In this article, we’re going to explore what Hadoop actually comprises- the essential components, and some of the more well-known and useful add-ons. At its core, Hadoop is comprised of four things:
- Hadoop Common- A set of common libraries and utilities used by other Hadoop modules.
- HDFS- The default storage layer for Hadoop.
- MapReduce- Executes a wide range of analytic functions by analysing datasets in parallel before ‘reducing’ the results. The “Map” job distributes a query to different nodes, and the “Reduce” gathers the results and resolves them into a single value.
- YARN- Present in version 2.0 onwards, YARN is the cluster management layer of Hadoop. Prior to 2.0, MapReduce was responsible for cluster management as well as processing. The inclusion of YARN means you can run multiple applications in Hadoop (so you’re no longer limited to MapReduce), which all share common cluster management.

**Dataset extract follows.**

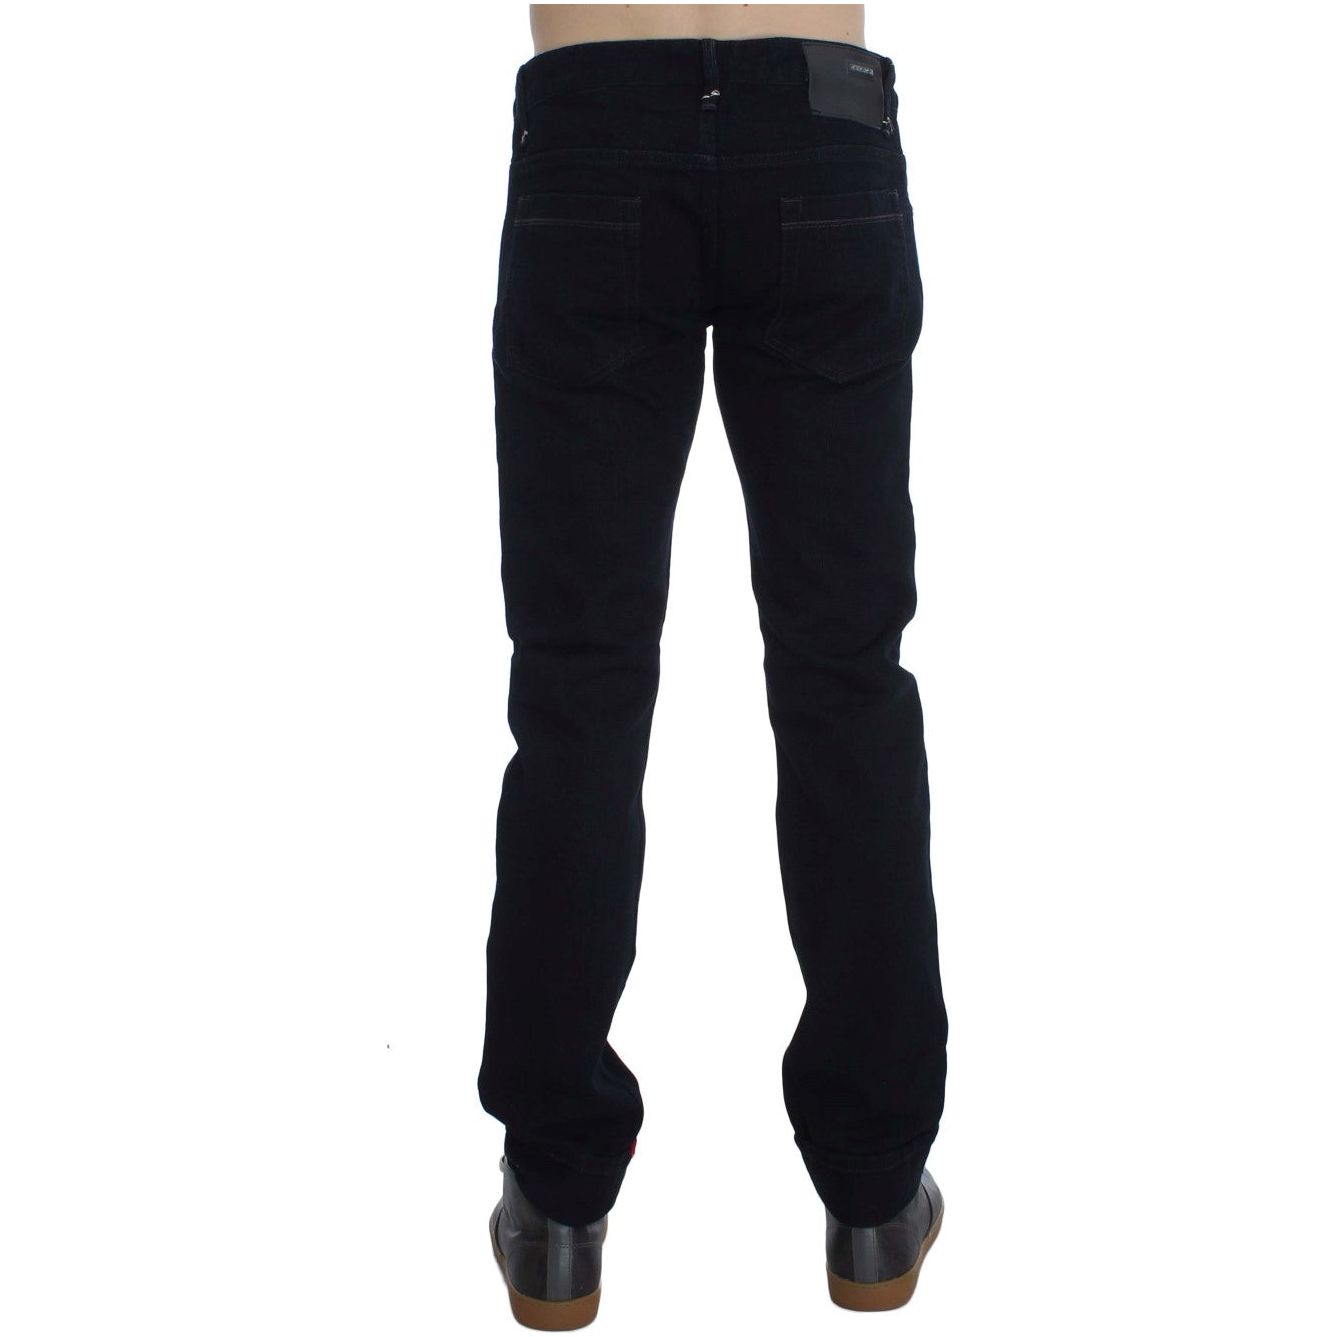 Acht Exquisite Slim Skinny Fit Men's Jeans dark-blue-corduroy-slim-skinny-fit-jeans 298973-dark-blue-corduroy-slim-skinny-fit-jeans-3.jpg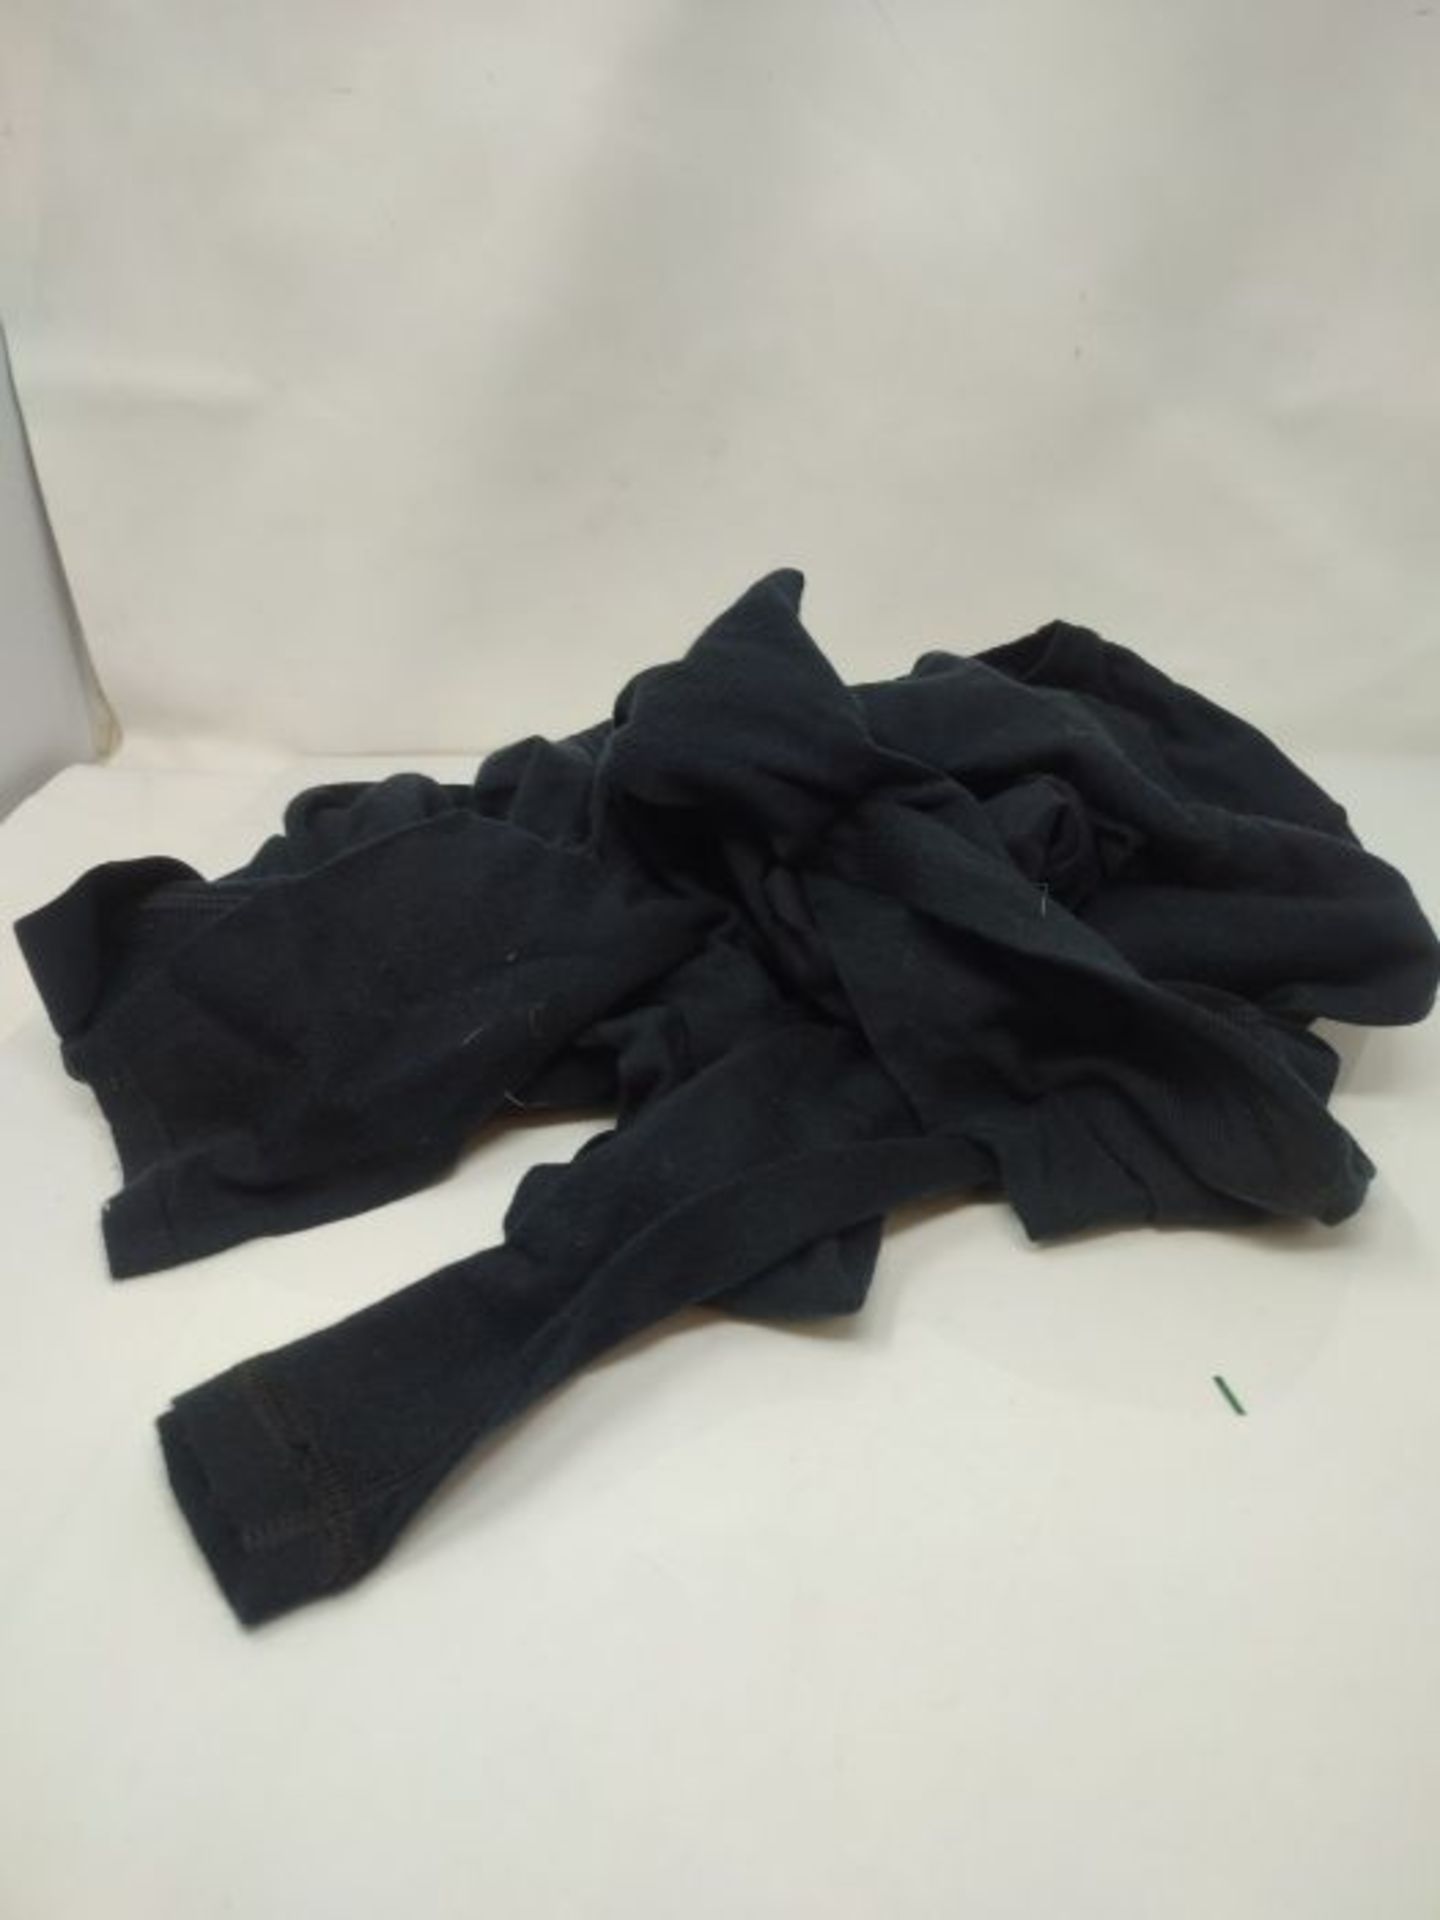 RRP £55.00 DANISH ENDURANCE Men's Merino Baselayer Set (LS Shirt + Tights) S Black 1-Pack - Image 3 of 3

These four components form the basic Hadoop framework. However, a vast array of other components have emerged, aiming to ameliorate Hadoop in some way- whether that be making Hadoop faster, better integrating it with other database solutions or building in new capabilities. Some the more well-known components include:
- Spark- Used on top of HDFS, Spark promises speeds up to 100 times faster than the two-step MapReduce function in certain applications. Allows data to loaded in-memory and queried repeatedly, making it particularly apt for machine learning algorithms
- Hive- Originally developed by Facebook, Hive is a data warehouse infrastructure built on top of Hadoop. Hive provides a simple, SQL-like language called HiveQL, whilst maintaining full support for MapReduce. This means SQL programmers with little former experience with Hadoop can use the system easier, and provides better integration with certain analytics packages like Tableau. Hive also provides indexes, making querying faster.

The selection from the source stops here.